The Root: The Shaky Future Of Health Care For Blacks

April 6, 2011     NPR

It's well documented that African Americans and other ethnic minorities have disproportionately higher rates of poor health, including infant mortality and most chronic conditions - heart disease, stroke, cancer, HIV/AIDS, asthma anddiabetes, among others. Racial differences in health have persisted for so long that they're largely seen as a standard fact of life, even though, truth is, these differences are avoidable. So when President Barack Obama tasked Congress with sending a health care reform bill to his desk in 2009, the Congressional Black Caucus saw a huge opportunity.

"We'd already introduced a bill called the Health Equity and Accountability Act for the past several Congresses, so our work on this issue started long before the health care reform debate started," Virgin Islands Rep. Donna Christensen told The Root. In response to the president's charge, the CBC members promptly accelerated their efforts to tackle health disparities. They conferred with the National Medical Association and other black health groups, developed benchmarks that they wanted to see in the bill, formed a united front with other ethnic congressional caucuses and met on three occasions with President Obama.

Christensen, a physician and a chair of the CBC Health Braintrust, maintains that addressing race and ethnicity specifically in the legislation was critical because looking at differences in insurance coverage alone does not fully explain why blacks aren't as healthy as whites, on average.

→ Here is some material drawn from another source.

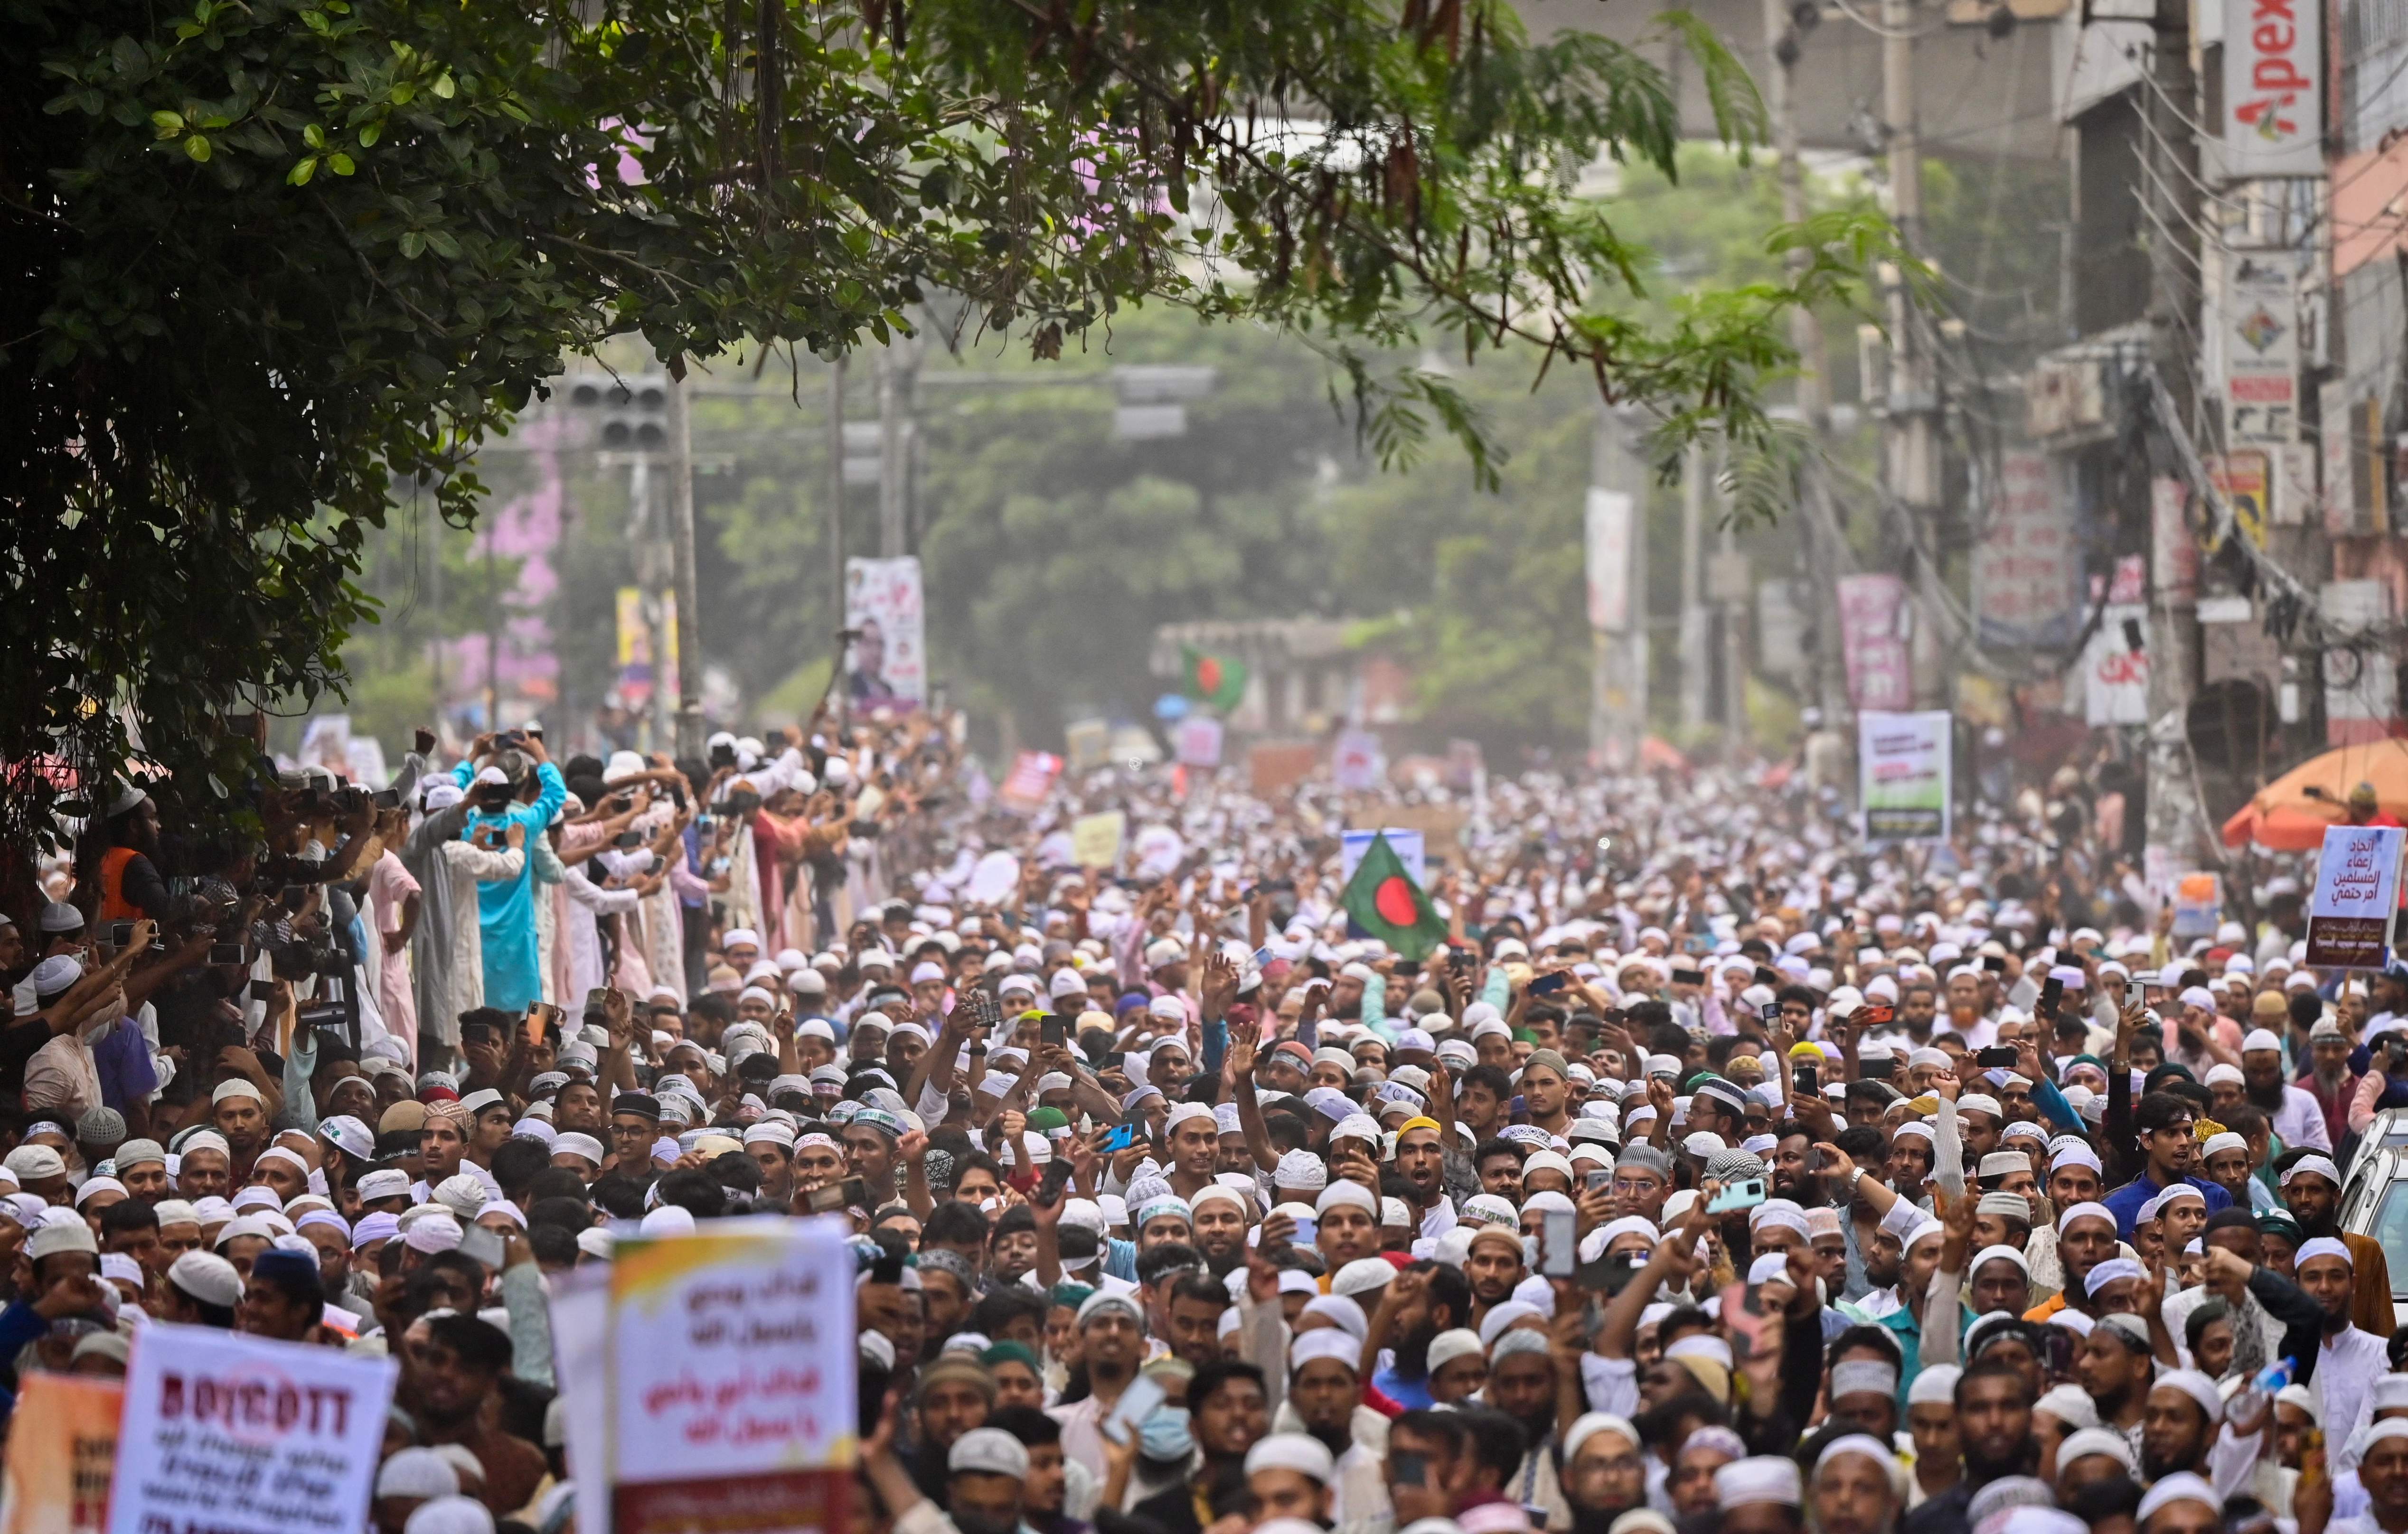 Bangladesh’s Islamist activists and supporters hold placards as they shout anti-India slogans

Though pleased that the Affordable Care Act expands coverage through several means, including expanding Medicaid to include all people with incomes barely above the poverty level, she points out that health disparities persist regardless of insurance status. "Reports have shown that lack of insurance accounts for maybe 20 percent of what we see in health disparities," she says.

She also pushes back on the notion that health disparities are a matter not for government intervention but of individual behaviors - that if black folks would just eat less fatty foods and exercise more, then most of the problem would be solved.

"To some extent, of course it's about personal behavior, but a lot of it is environmental," she says, explaining that poverty and residential segregation are among the issue's biggest drivers. "People of color tend to live in neighborhoods where environmentally polluting industries are located. We have communities with no grocery stores and [an] excessive [number of] liquor stores, sometimes beyond what city statutes allow. All of these things contribute to the socioeconomic determinants of health."